CHRIS NORMAN:  Right, they’re just there to play the popular music, whatever people want to hear.

ADRIANNE GREENBAUM:  Yeah

CHRIS NORMAN:  So, I know Klezmer has a very close association with music of the Roma from the Romani and Gypsy population of Eastern Europe.  Help me understand the delineation there of where that Eastern European Gypsy music contacts with Klezmer music and where does one end and the other begin.  I’m sure it’s a blurry area, but just talk a little bit about that if you would.

ADRIANNE GREENBAUM:  Um, it’s really just based on meeting and traveling and picking up.  Jews did maybe as much as the Roma in terms of roaming around, no pun intended.  Traveling around, and meeting other cultures, and equally really, they would latch onto Turkish and Egyptian and wherever the music took them or a gig took them they would bring it back, and I would gather that the Roma style was closely related because they would feel that being Gypsy, they didn’t have the same vibe of sticking to rules.  I think they were more free.  They enjoyed our modes and we enjoyed theirs.  And that’s really when you would read about or if I were to have been fortunate enough to go out and do field work, I would have been out in the hills and finding out “Oh, you know this tune.”  It’s not exactly what we know it as, and almost far from it, but that happens everywhere.  I was just flipping through this major resource that we have that an ethnomusicologist who was hired by the Ukrainian government to literally go around say “Sing into my disc.” And he recorded and he wrote down what their job was and whether they sang or played an instrument and in what area.  And he was far out into the hills and low and behold, you’d look at – we’re going to do one tonight – it traveled, the tunes traveled far and wide.  So, he might have met someone who knows it from his family in far away places and it came all the way to New York.

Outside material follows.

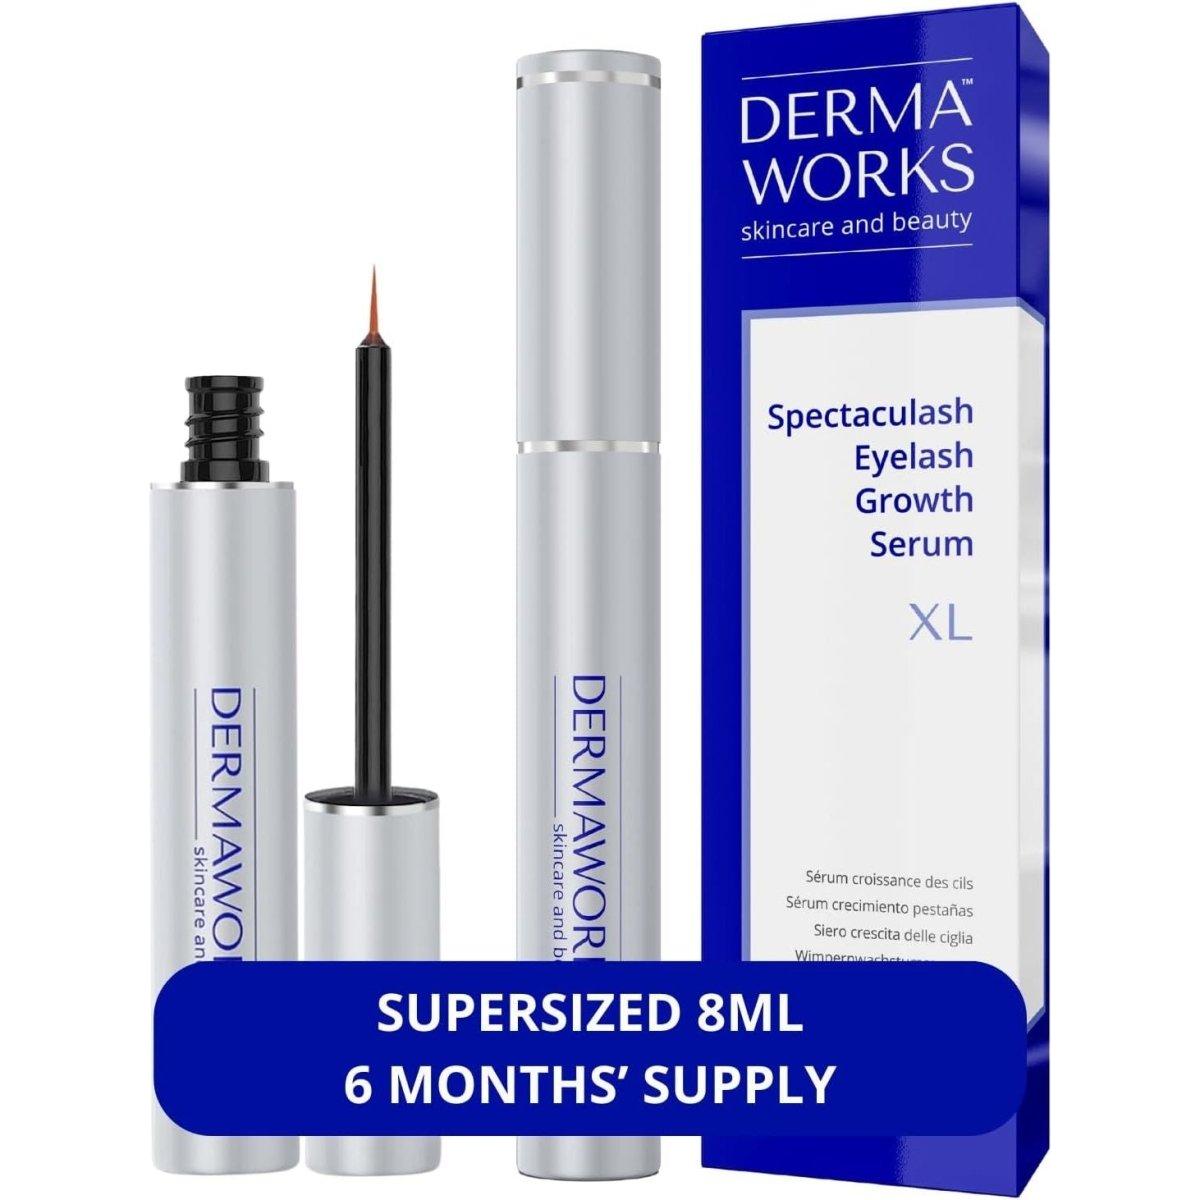 Dermaworks Supersize Spectaculash Advanced Eyelash Growth Serum - 8ml - DG International Ventures Limited

CHRIS NORMAN:  I’m interested Adrianne, on this question of where these points of contact are, you look at the old black and white photographs and often you do see pictures of flute players, they’re playing western classical Boehm flutes or simple system flutes.  Are the any examples, pictures of Klezmer bands that have somebody playing a ney or fujara or any of the traditional flutes of the Romani?

ADRIANNE GREENBAUM:   Yes, less so, but the ney definitely, and if I were to, you know, branch out more.  I find it difficult to play, anything side blown …

CHRIS NORMAN: [Laughs] The embouchure, it’s hard to forget the old and learn the new, for sure.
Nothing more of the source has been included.